Topic model allows us to identify boardbroad and subtitle patterns in a particular subject that we would otherwise unable to detect due to our inability to process such a huge collection of texts . This is very useful as it provides a simple way to analyse large volumes of unlabelled text. In other words, identifying the topic on which the specific content is talking about. One of the applications is text summarisation which basically summarises the data presented to the user, and an example of the technology that utilises this would be search engines such as Google.
Background – What is Topic Modelling?
Topic modelling is one of many applications of machine learning which is a type of artificial intelligence (AI) that grants computers with the ability to learn without being explicitly programmed . It looks for patterns in data but also uses the extracted data to detect patterns in data and adjust its program actions accordingly. There are two main groups of machine learning applications: Supervised learning and unsupervised learning.
As seen in figure 1, if the datasets contain labels it is classed as supervised learning. Under supervised learning if the label is categorical it is talking about classification and if the label is quantitative it is talking about regression . In unsupervised learning there are no such labels therefore clustering of the datasets or finding latent variables/structure in the datasets is performed .
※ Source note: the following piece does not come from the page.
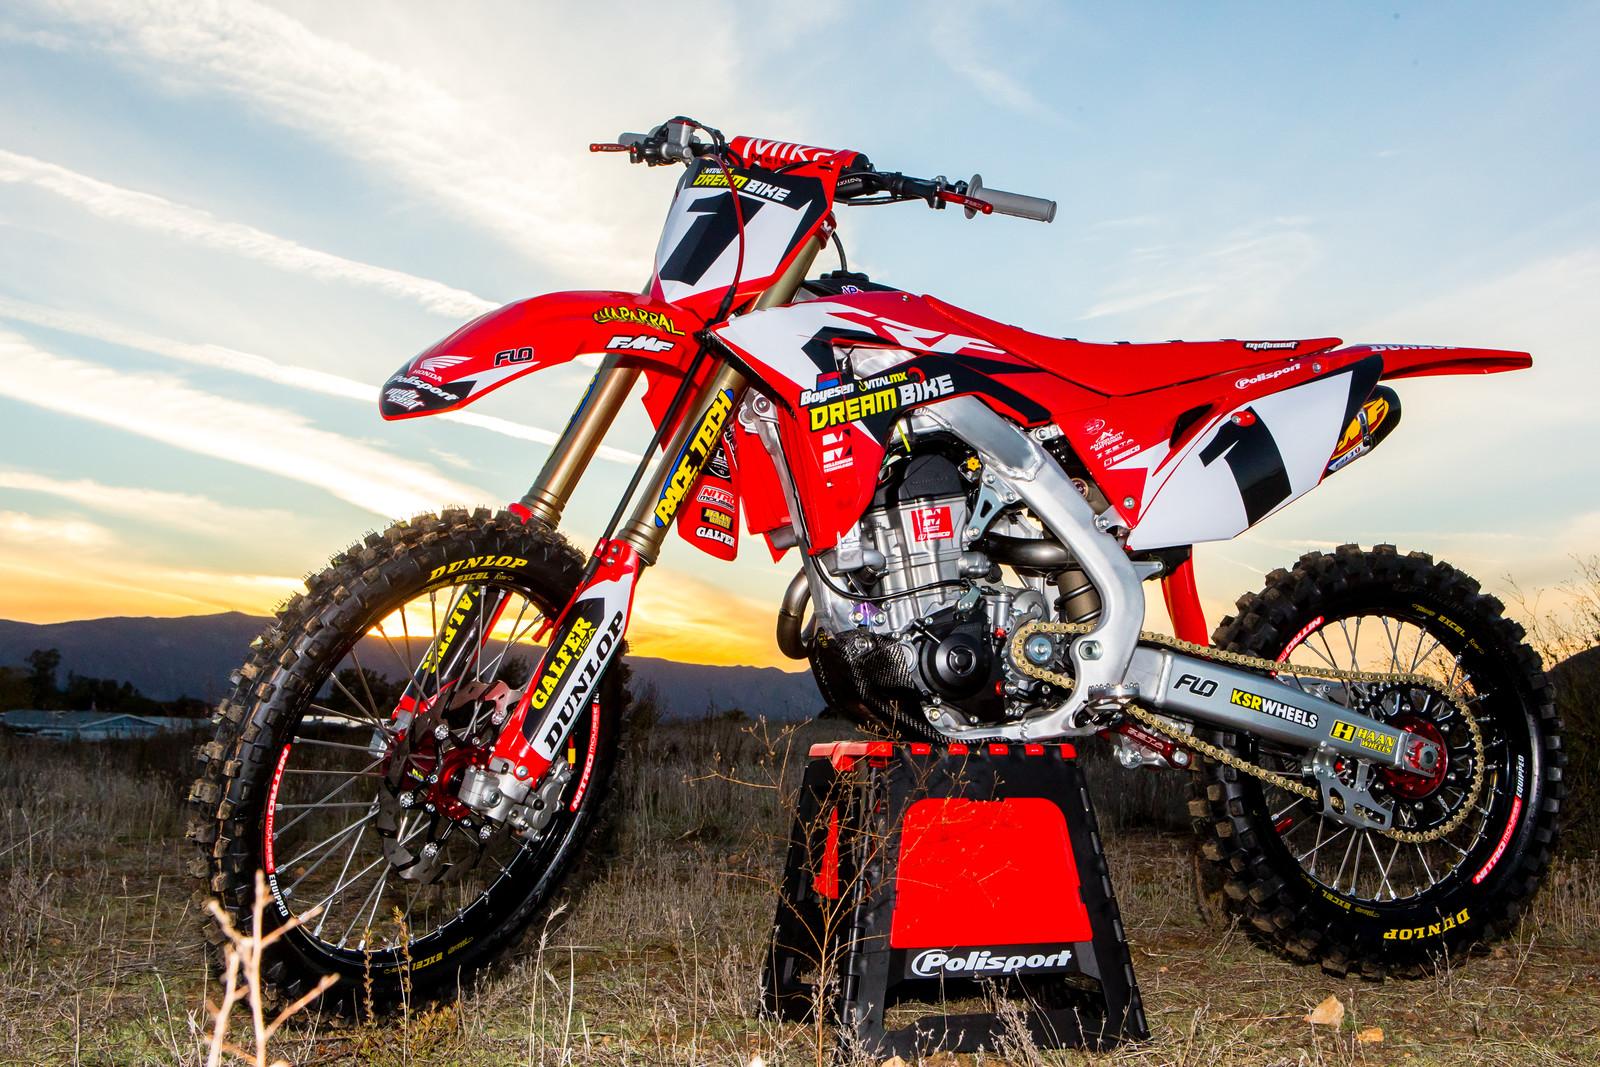 Time To Win The Vital Mx 2018 Honda Crf450r Dream Bike Motocross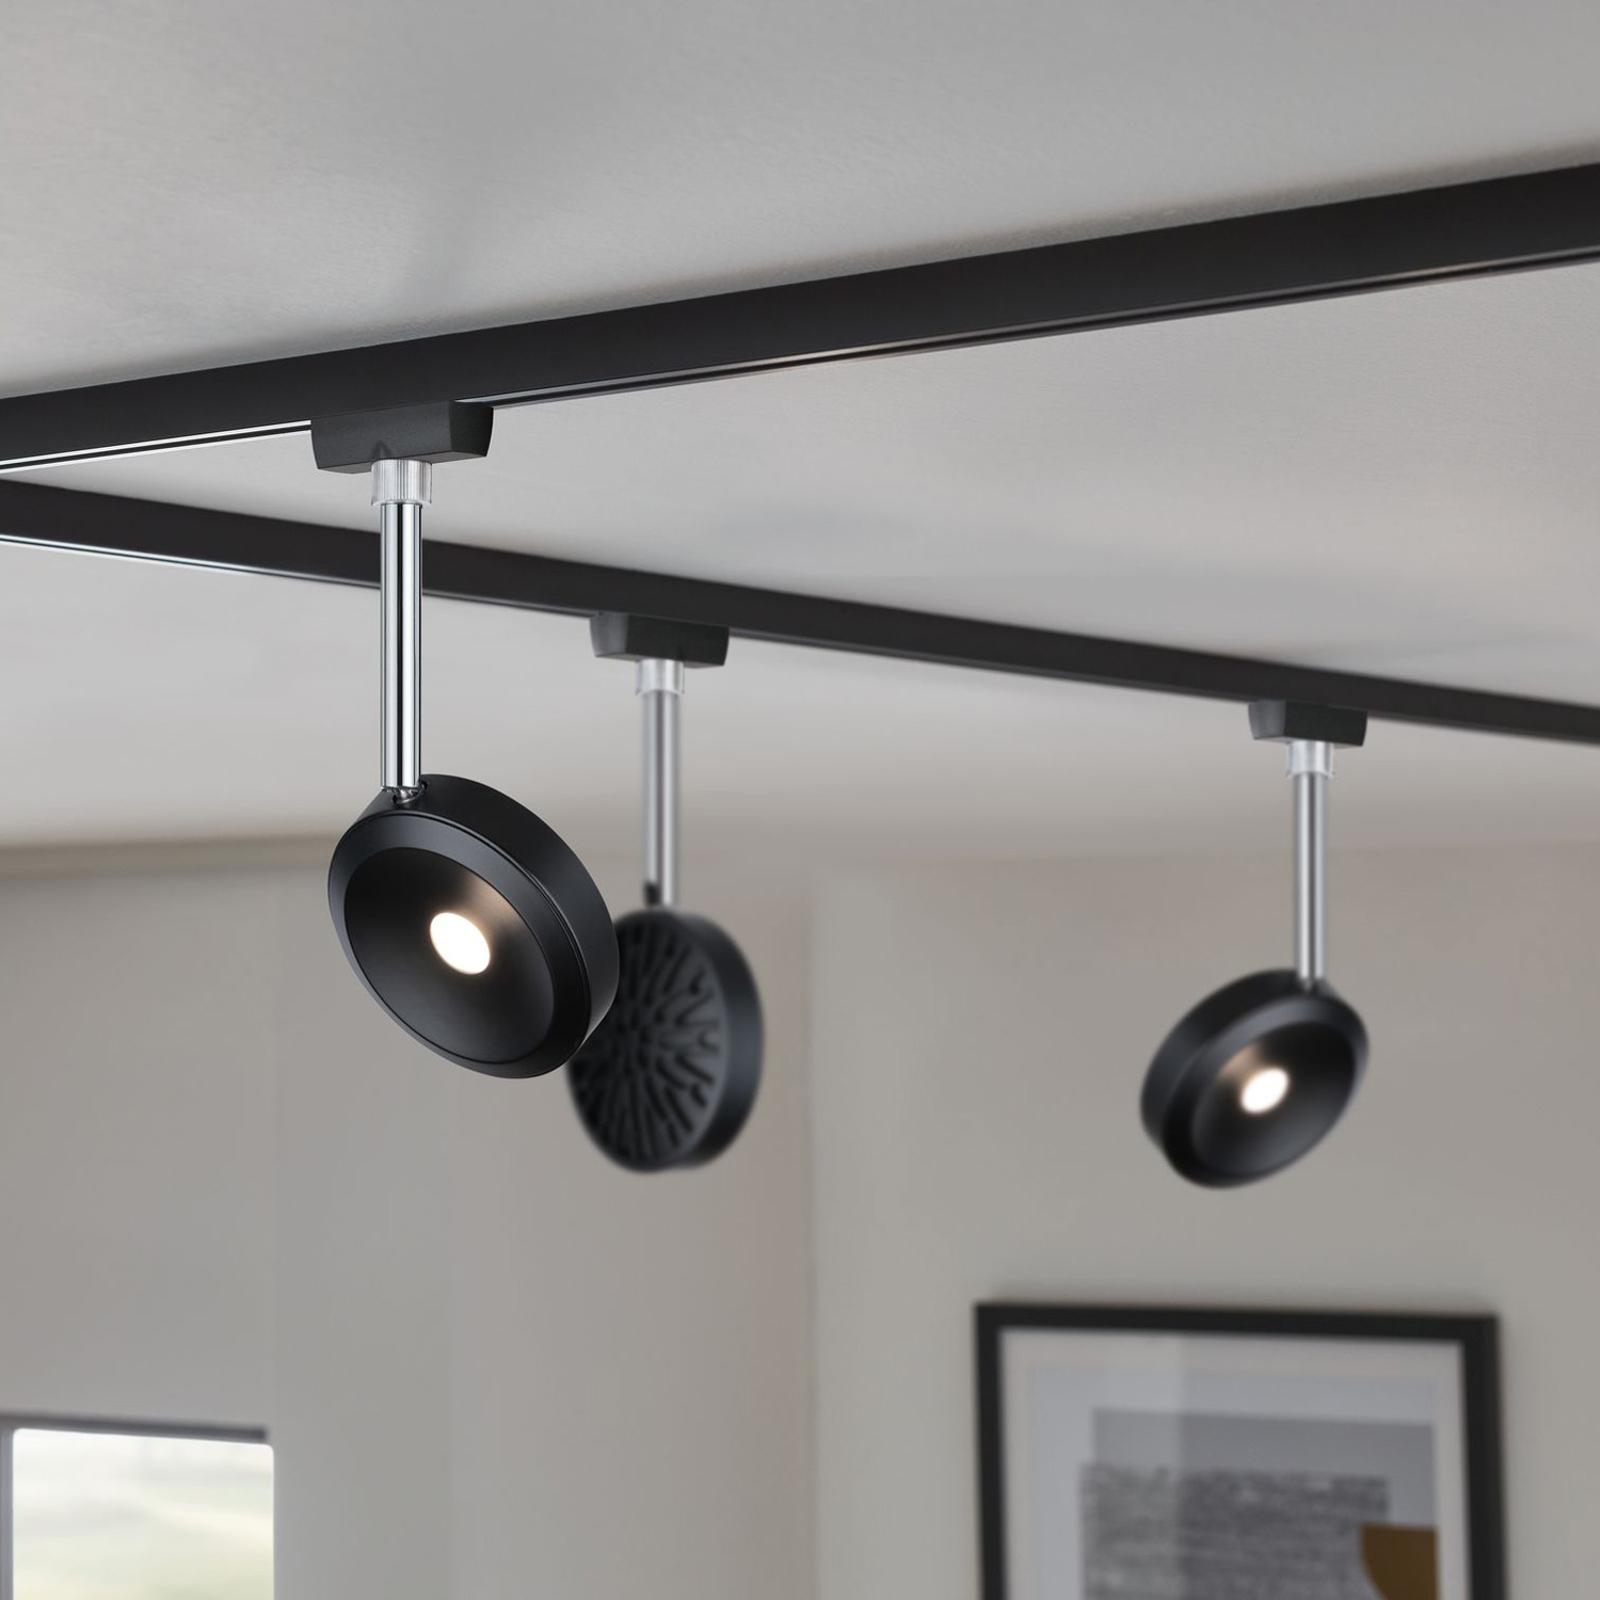 Paulmann URail spot LED Discus noir, dimmable

Clustering or cluster analysis groups a set of similar objects closer together, in comparison to other objects in the same set of data . To get more general understanding here are the characteristics of topic models:
- Exploratory: to discover, browse or search large collections of unlabelled text data
- Latent variables: extracting hidden thematic structure (not labelled). It could be abstract topics, which could be a cluster of words and together they have some kind of meaning
- Clustering: cluster of words and collection of documents
Types of Clustering and Topic Model Clustering
In machine learning there are actually different kinds of clustering:
Hard clustering is where each instance of your dataset can only belong to one cluster as there are hard division on lines. Hierarchical clustering includes sub clusters in the cluster itself where the sub clusters have ‘child and parent’ like relationships. Soft/Fuzzy clustering is used by topic modelling. Each instance can belong to each cluster with certain degree. Certain degree can be thought of as a percentage or a probability.
Understanding the Machine Learning Algorithm
It is important to know what a program does before asking how it works. The black box in figure 3 represents the algorithm of a topic model. As illustrated above, input is going to be a collection of text documents and there will be three outputs:
- Cluster of words where each cluster will define a topic
- Frequency of the words appearing in the topics
- Distribution of topics in documents. For an example, politic and cultures might appear in the same document and such.
Latent Dirichlet Allocation
One of the popular algorithm in topic modelling is called Latent Dirichlet Allocation, commonly known as LDA. However, there is another model (not topic) called LDA but it stands for Linear Discriminant analysis which is used for supervised learning. Hence, these two LDAs have no relation to each other therefore it is important to be clear about which LDA model is being referred to early. And of course we are only concerned with Latent Dirichlet Allocation.